***** GIVEN INFORMATION

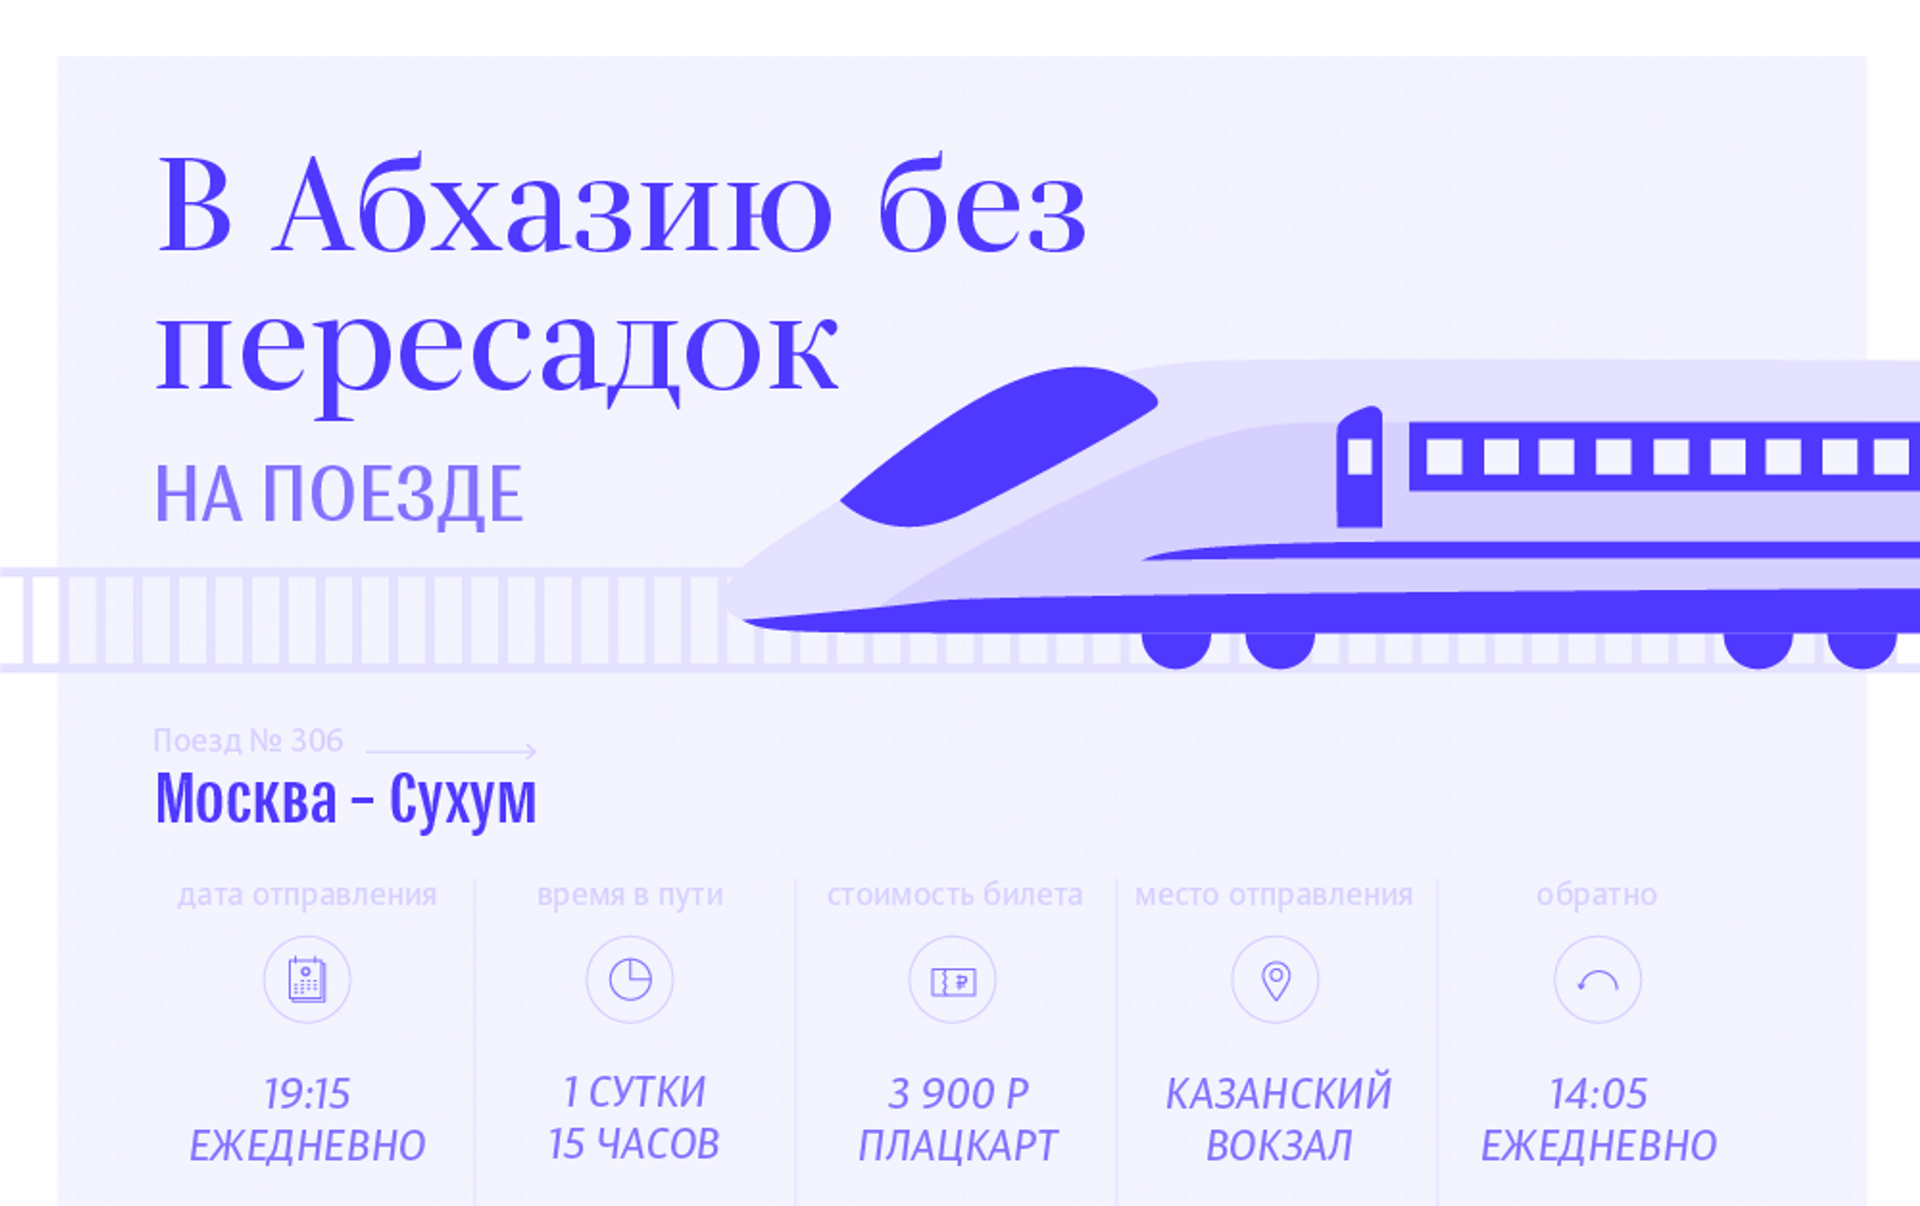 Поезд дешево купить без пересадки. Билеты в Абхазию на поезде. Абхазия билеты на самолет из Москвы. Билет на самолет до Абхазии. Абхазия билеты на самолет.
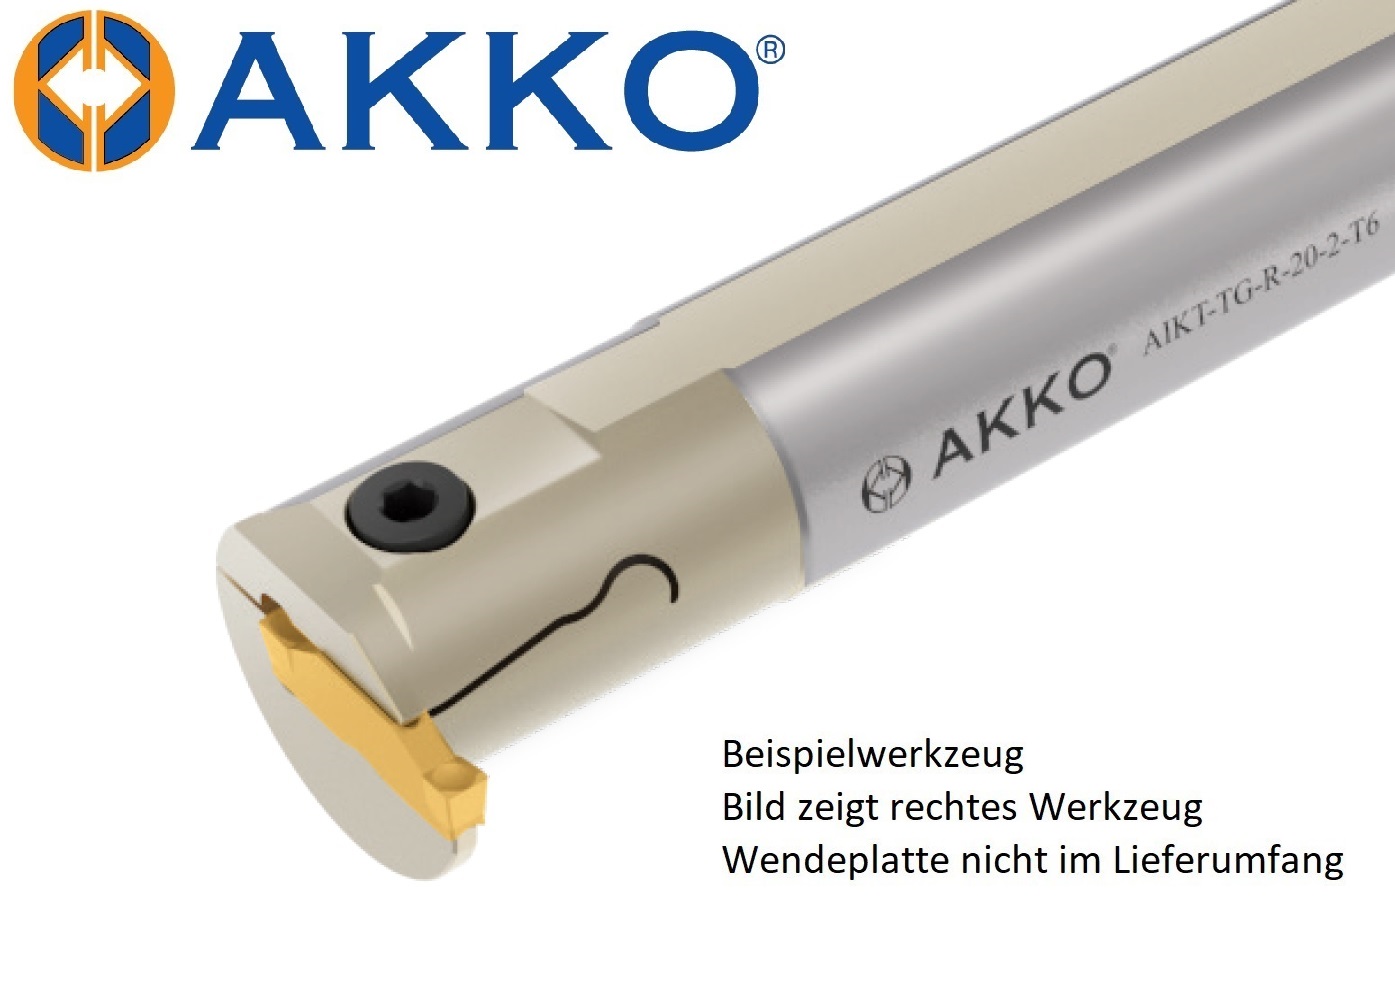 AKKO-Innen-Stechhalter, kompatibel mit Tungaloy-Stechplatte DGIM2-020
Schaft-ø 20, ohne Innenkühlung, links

**********

Before copying the data, remove the pictures. Then repeat the rest exactly.

 Поезд дешево купить без пересадки. Билеты в Абхазию на поезде. Абхазия билеты на самолет из Москвы. Билет на самолет до Абхазии. Абхазия билеты на самолет.
 AKKO-Innen-Stechhalter, kompatibel mit Tungaloy-Stechplatte DGIM2-020
Schaft-ø 20, ohne Innenkühlung, links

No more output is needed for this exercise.